Given data —
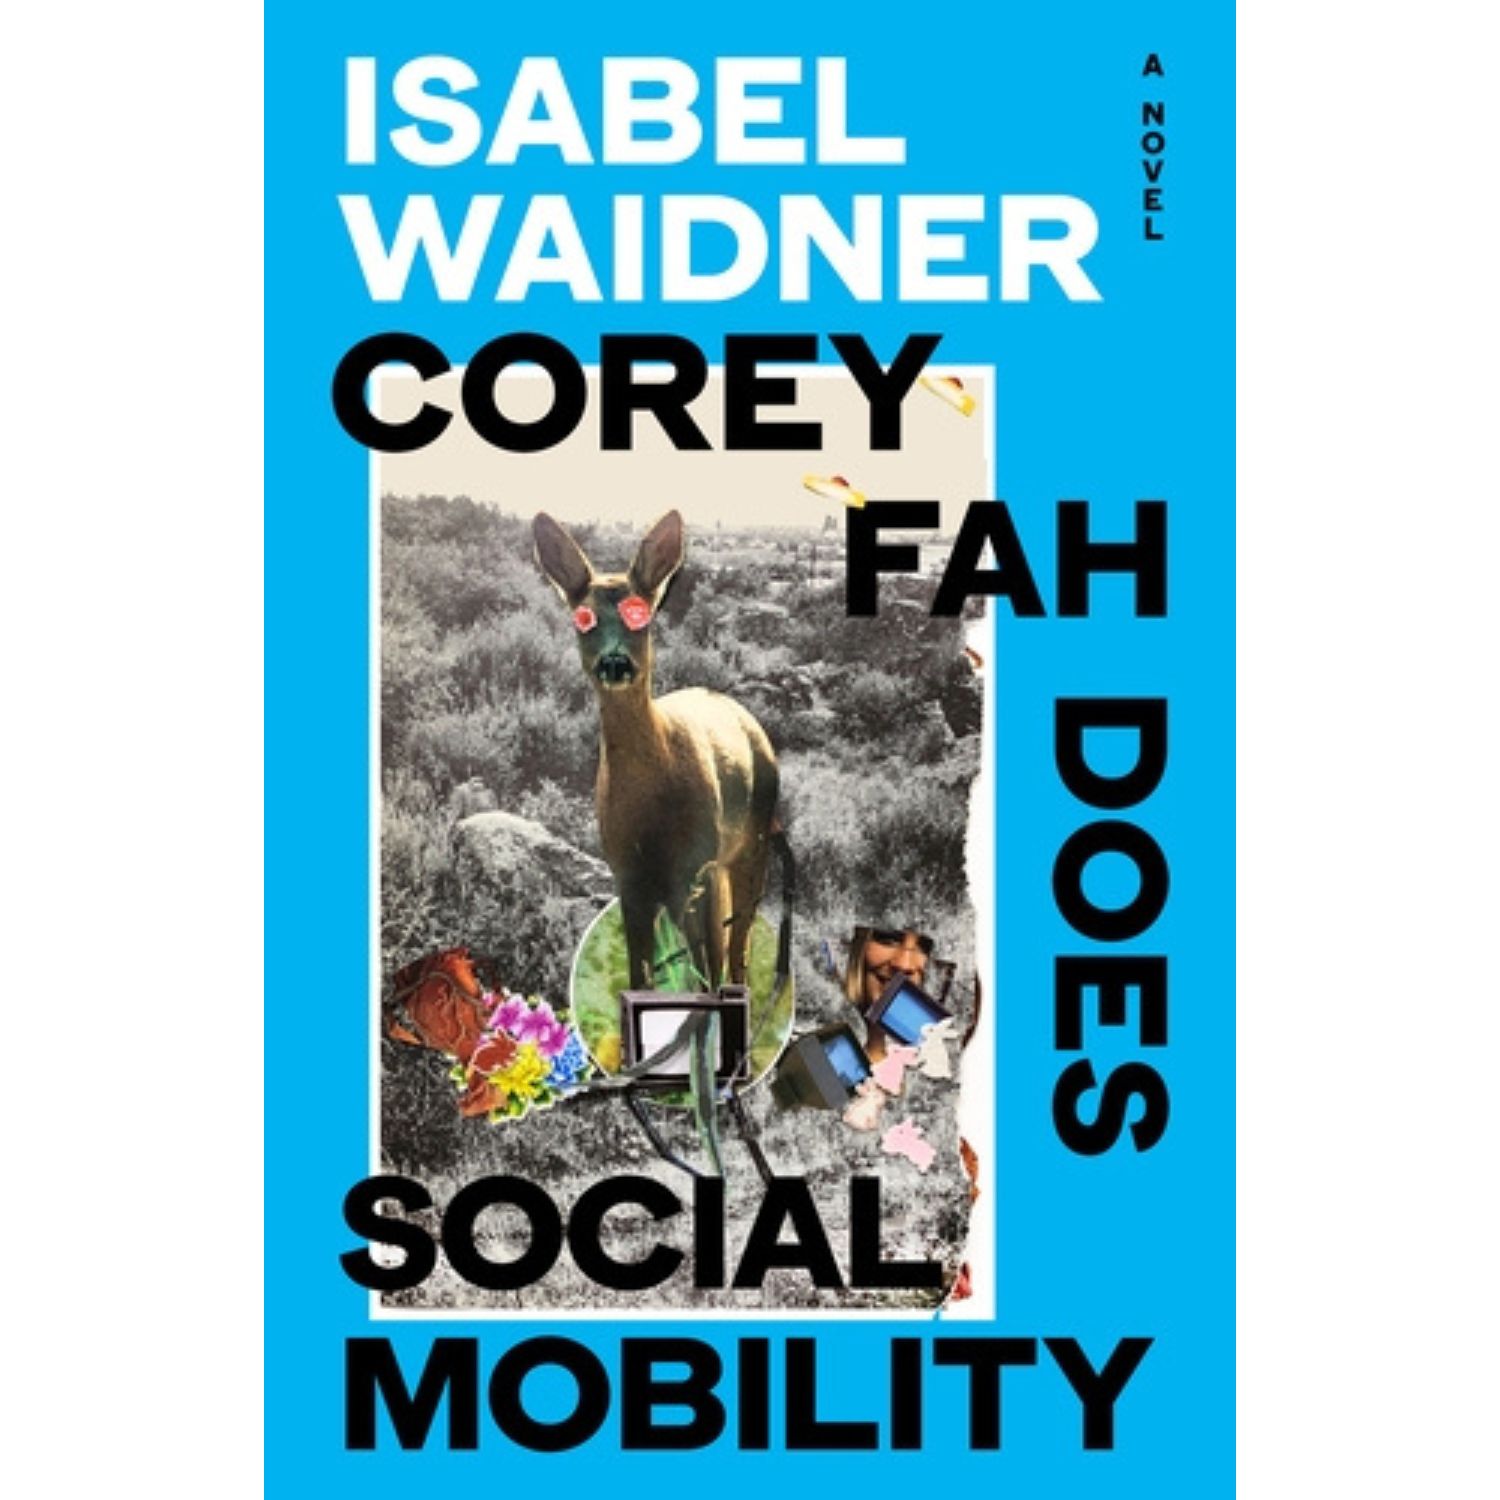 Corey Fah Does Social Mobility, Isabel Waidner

...

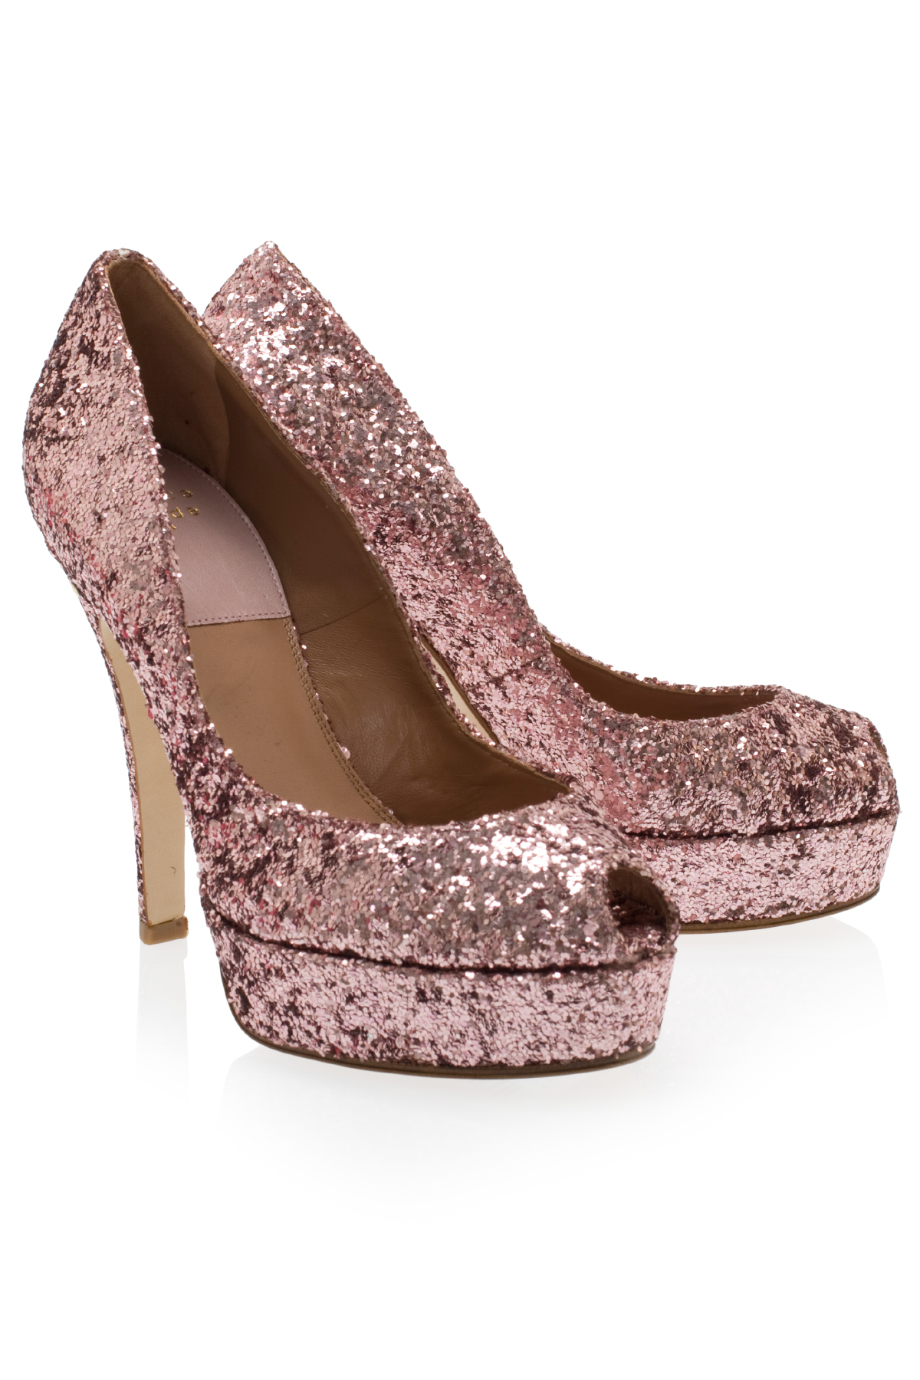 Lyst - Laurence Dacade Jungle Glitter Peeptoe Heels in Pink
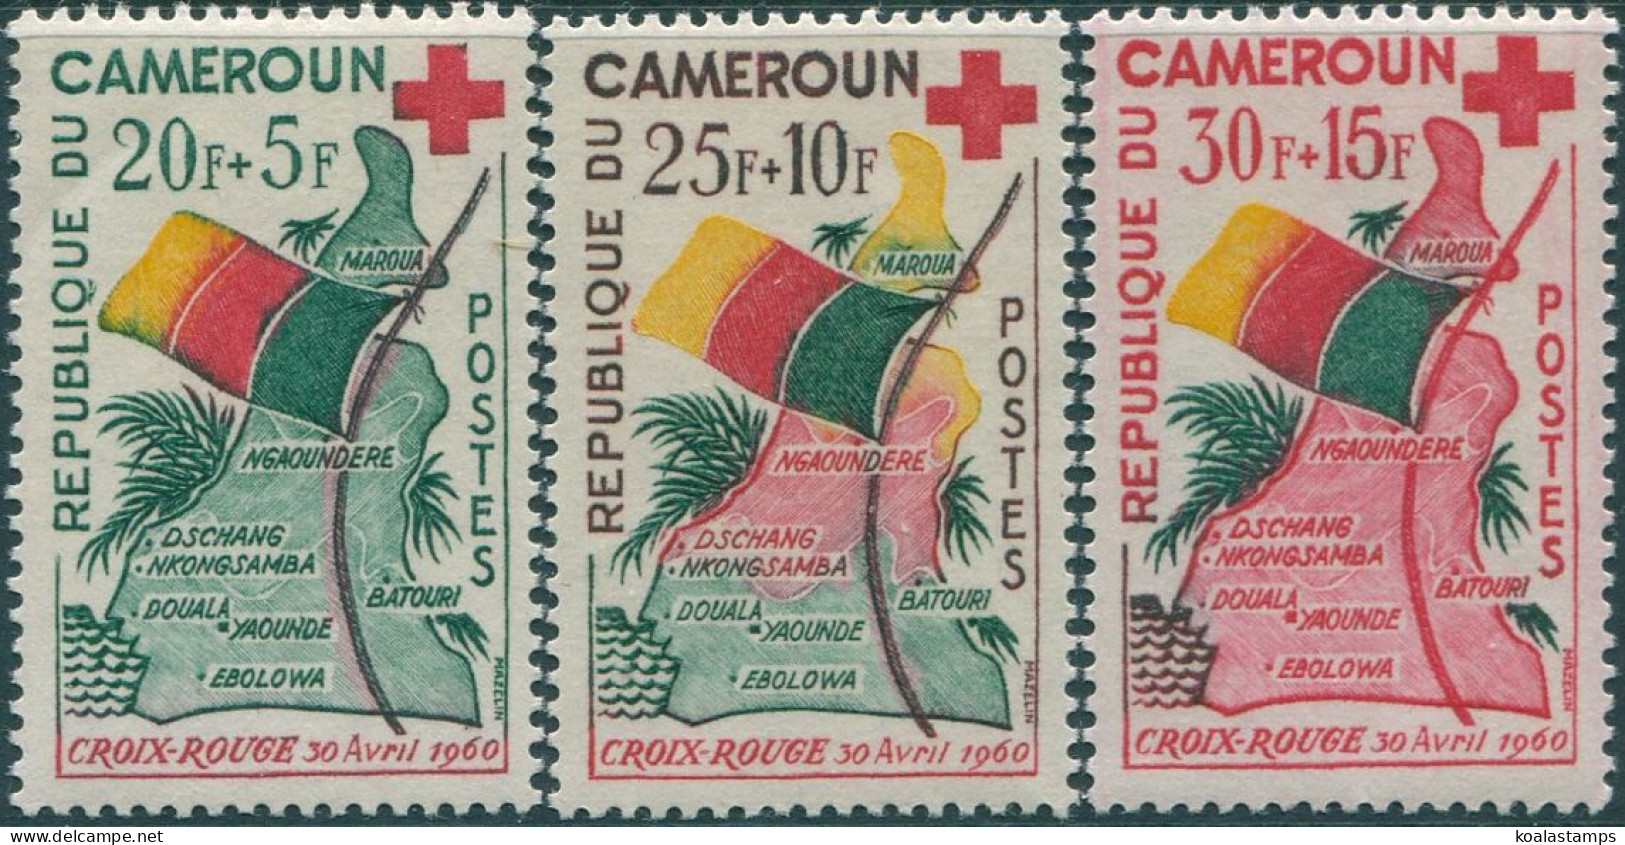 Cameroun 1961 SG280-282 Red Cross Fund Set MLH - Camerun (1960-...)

What you have to do — Within the entries above, the lines from the one containing "Lyst - Laurence" through the one containing "Cameroun 1961 SG280-282" are to be transcribed exactly, ends included, pictures excluded.

Output —
 Lyst - Laurence Dacade Jungle Glitter Peeptoe Heels in Pink
 Cameroun 1961 SG280-282 Red Cross Fund Set MLH - Camerun (1960-...)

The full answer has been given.